Some key anatomical and physiological factors enabling longer submersion times include[2]:
- Larger respiratory surface area in the lungs and skin to extract more oxygen from each breath
- Increased blood and muscle oxygen storage capacities
- Lower metabolic rates to conserve usage of internal oxygen stores
- Abilities to supplement oxygen uptake through cutaneous (through the skin) respiration
Temperature
Water temperature plays an important role in frogs’ submersion survival. Most species can hold their breath longer in colder water, whereas survival time decreases markedly as temperature rises. For example, leopard frogs can typically stay underwater for around 300 minutes at near-freezing temperatures but only about 25 minutes at 20°C/68°F[3].
This effect relates closely to metabolism and oxygen consumption – chemical reactions and cell processes accelerate with heat, quickly using up finite internal oxygen stores. Therefore, colder conditions slow frogs’ metabolic rates and prolong breath-holding capacity.
Activity Level
Frogs also deplete their oxygen reserves faster if active and moving compared to remaining still in breath-holding torpor. For instance, northern leopard frogs could hold their breath for 170 minutes if inactive but only 85 minutes if walking underwater at a moderate pace before oxygen debt forced them to surface[4].
Higher muscular workloads during activity drive up metabolic rates and oxygen demand. So minimizing movement is key to maximizing breath-holding potential.
Frog Species | Max. Submersion Time |
---|---|
African Clawed Frog | Up to 210 minutes |
Northern Leopard Frog | 15-25 minutes (typical) |
Wood Frog | 15-25 minutes (typical) |
Record-Holding Amphibians
Australian Desert Frog
The Australian desert frog, also known as the water-holding frog, is capable of storing large amounts of water inside its body, allowing it to survive in dry desert conditions for years at a time without access to external water sources.
This incredible amphibian holds the record for the longest amount of time an amphibian has been observed surviving without water, going for nearly seven years in one observed case according to biologist Erik Wapstra.
These hardy frogs have specially adapted skin and bodies that allow them to absorb and retain moisture from even the smallest amounts of rainfall. According to Wapstra’s research published on the CSIRO website, the desert frog’s skin is highly permeable, allowing the frog to easily take in water from its surroundings.
The water is then stored in the frog’s abdominal sac and lymph nodes. With its water reserves, the desert frog can remain dormant in a cocoon or burrow during drought conditions for extreme lengths of time.
Surinam Toad
The Surinam toad holds the distinction of having one of the most unique and fascinating amphibian reproductive methods in the world. According to Smithsonian’s National Zoo & Conservation Biology Institute, the female Surinam toad carries her eggs embedded in the skin of her back.
The eggs then develop into tadpoles while still beneath the skin before emerging as fully developed toadlets.

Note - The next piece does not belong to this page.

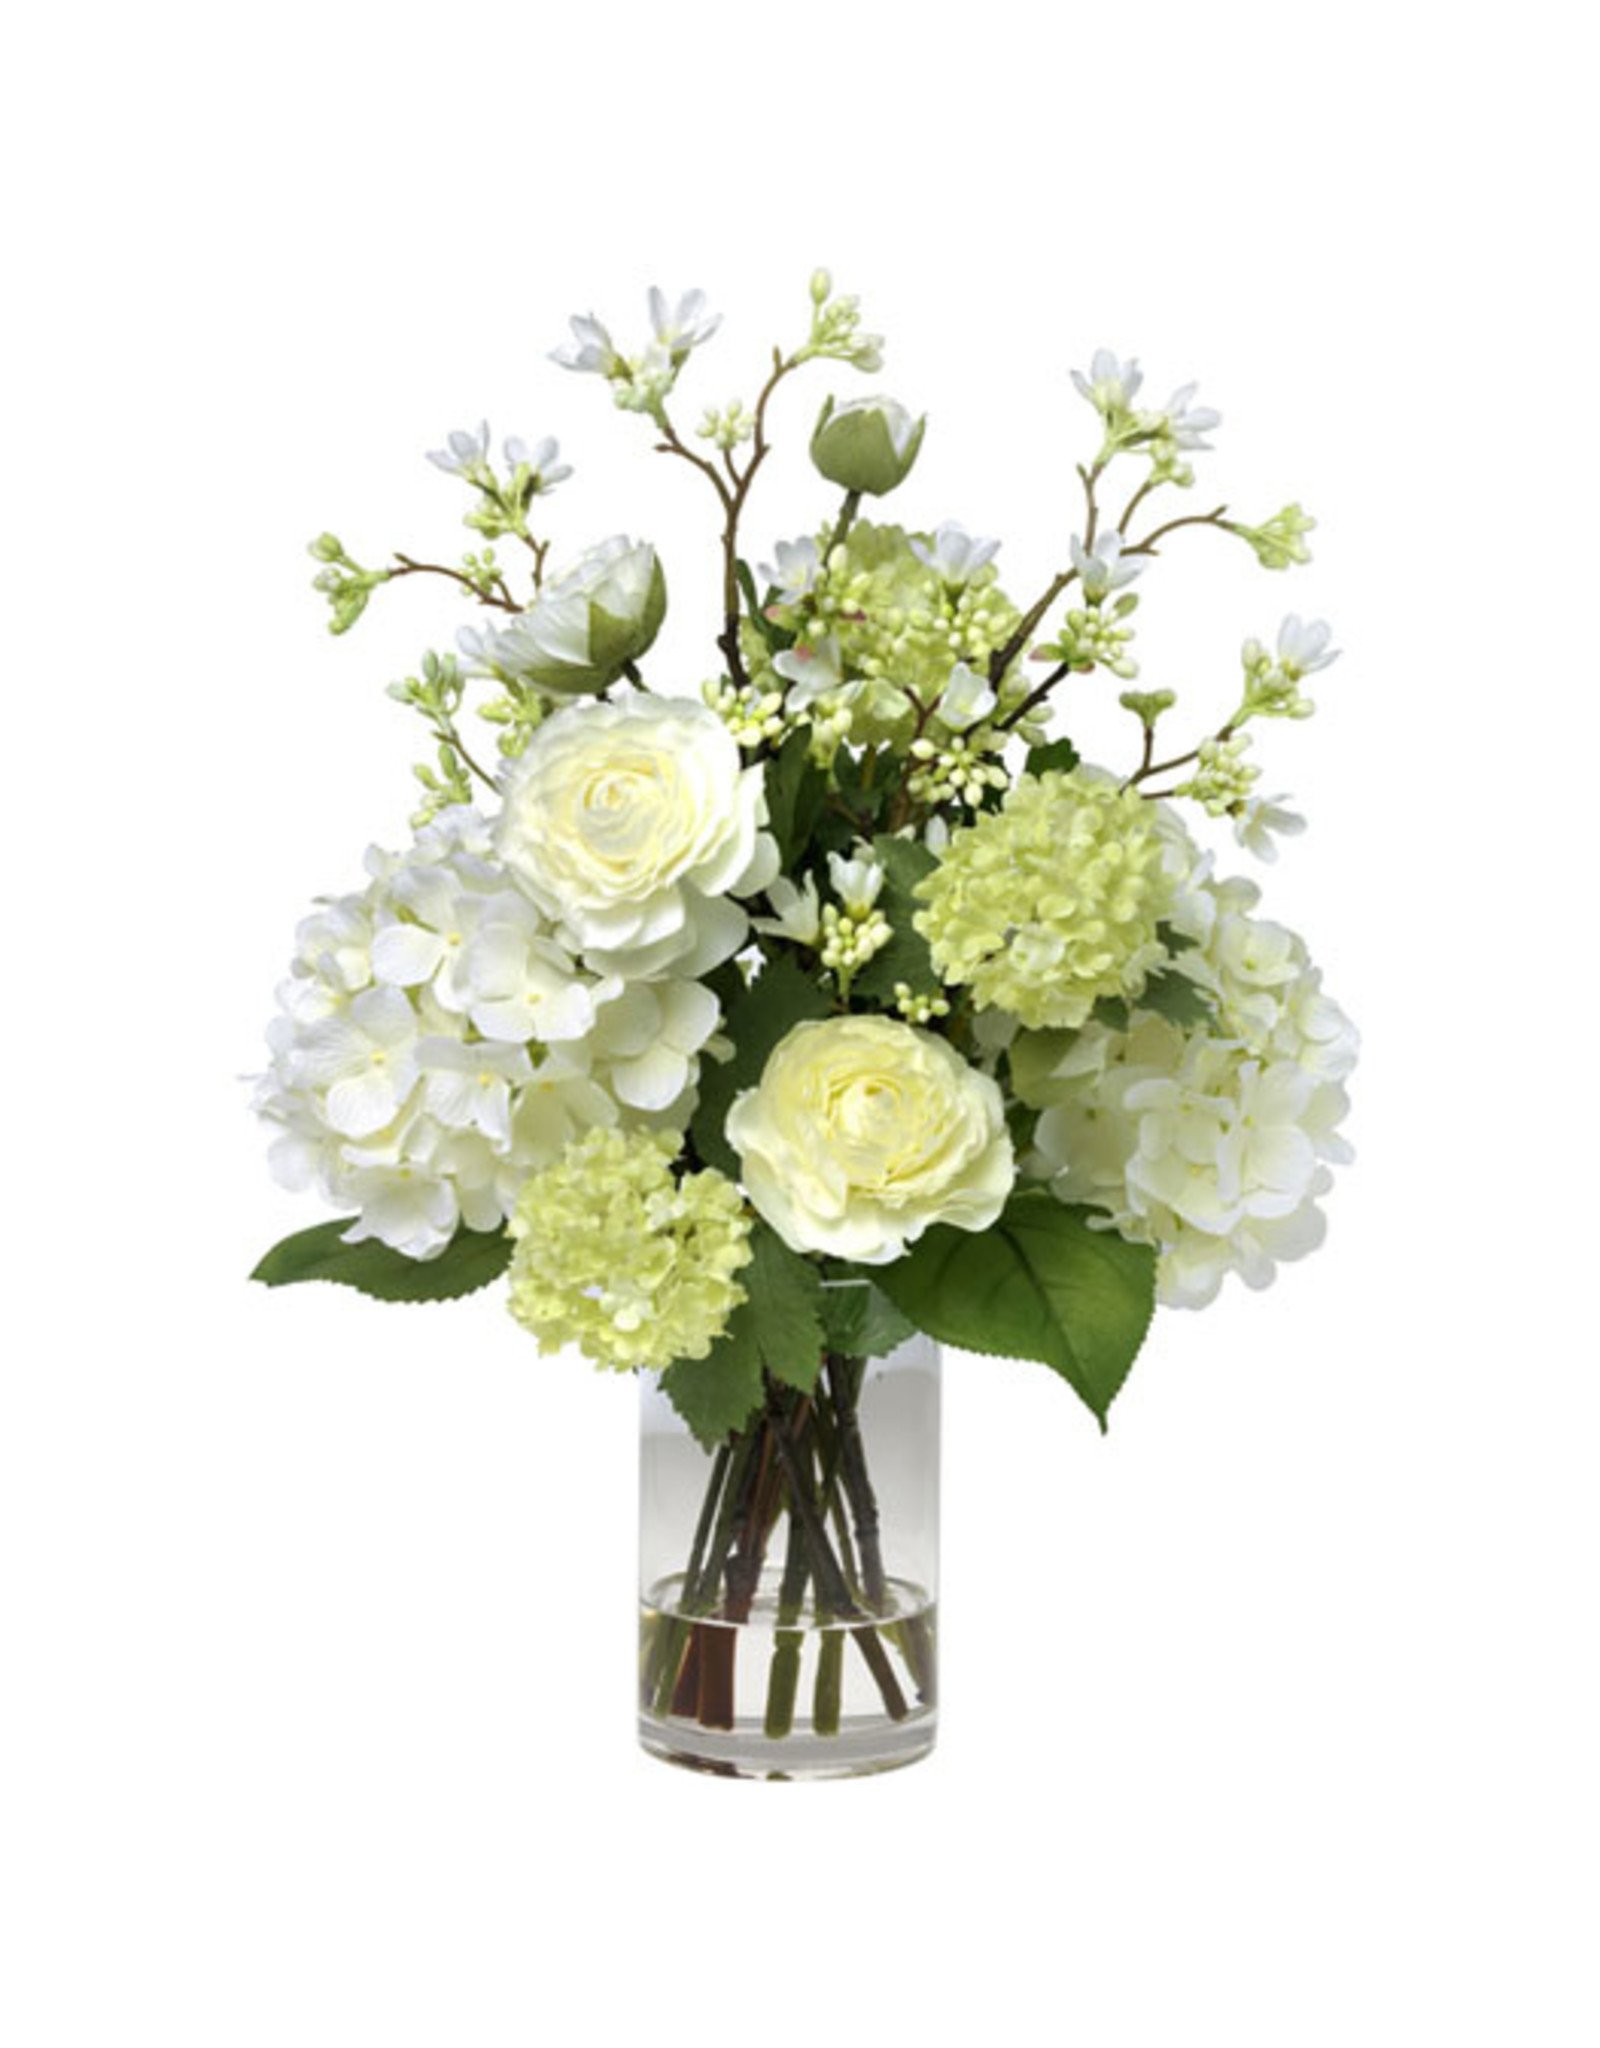 Floral Blooms Ranunculus, Hydrangea & Blossom Bouquet In Glass Vase

Once the female releases a hormone that signals the eggs to hatch, the tadpoles will break out from the egg sacs and burst through the skin on the female’s back. The mother then finds a pool of water for the toadlets to swim into upon hatching.
This incredible and gruesome reproductive process is entirely unique to the Surinam toad and allows it to successfully breed even in arid environments without standing water for tadpoles to develop in.
Conclusion
In summary, frogs have remarkable adaptations that allow them to remain underwater for hours or even days at a time without surfacing for air. Their unique breathing methods, like cutaneous gas exchange and buccal pumping, give them flexibility in low-oxygen environments.
While breath-holding ability varies by species and environmental conditions, some frogs can hold their breath for upward of a full day. Understanding the limits of amphibian respiration sheds light on how these semi-aquatic creatures successfully straddle land and water habitats.